Dr. Lange spoke to Aethos™ about two solutions. First, it is possible to change rater-severity with two to three days of structured training, but this is very difficult, time-consuming and totally infeasible for online reviews or NPS scores that depend on consumer interaction. Plus, there is the added complexity that when raters or reviews are trained to be meticulous and contemplative, they subsequently tend to start using the “safe” middle-rating categories. In other words, if you tell people they are “too easy” or “too hard” in their grading or reviewing, they will start avoiding their respective extremes by starting to use more “middle” categories. Consistent “middle-of-the-road” scores or ratings essentially dilute or hide the very positive or negative feedback that organizations need to know. So, it seems the Trickster strikes again.

There is a second and more technologically grounded solution, however, that levels or equates rating across different reviewers with different severity biases. And, as Dr. Lange noted, it has been proven effective in courtroom settings with judges’ attitudes toward leniency in rulings, with HR and manager performance appraisal reviews, and even consumer product reviews on It is an advanced statistical analysis known as the “multi-facet Rasch scaling” (MFRS) methods, which can be performed by qualified operators using the FACETS computer software by Michael Linacre.
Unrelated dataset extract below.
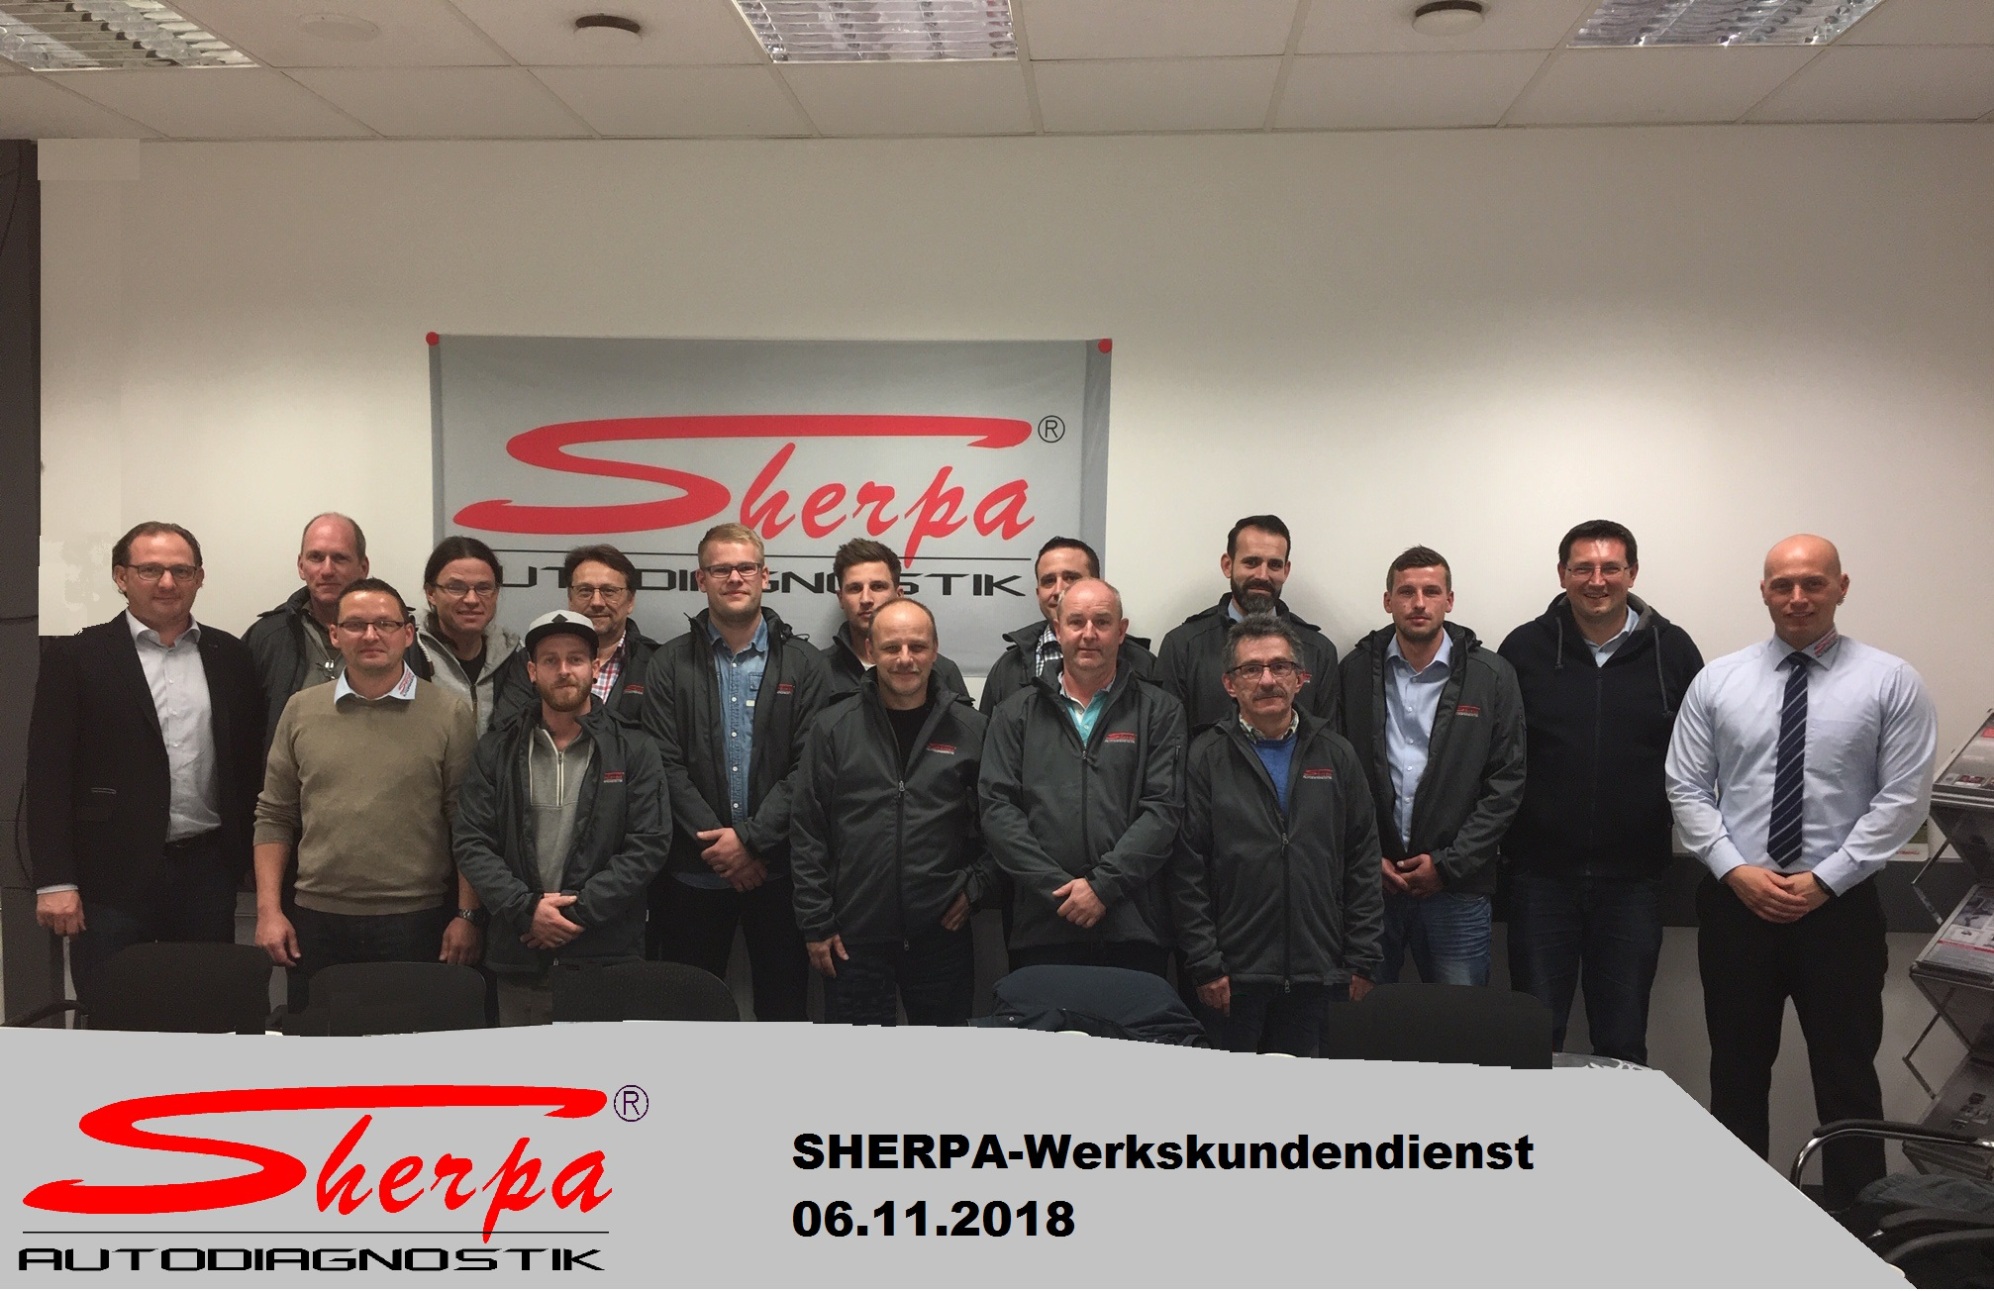 SHERPA Werkskundendienst

The mathematics are too technically complex to explain here, but companies that care about accurate insights from data-mining–especially using information derived from customer ratings and reviews–are strongly encouraged to confront the Trickster in market metrics by never taking raw numbers like NPS scores at face value. The best practice is to leverage the power and accessibility of leading-edge software and statistical analyses to understand this type of data with nuance and intelligence. Most organizations do not even know the problem exists, and those that do likely will not take the time to actually fix it with MFRS. Those that do, however, will find they have a far greater handle on their data and, by avoiding the Trickster, are ultimately able to make better decisions. For those companies, the value of data will go up even further.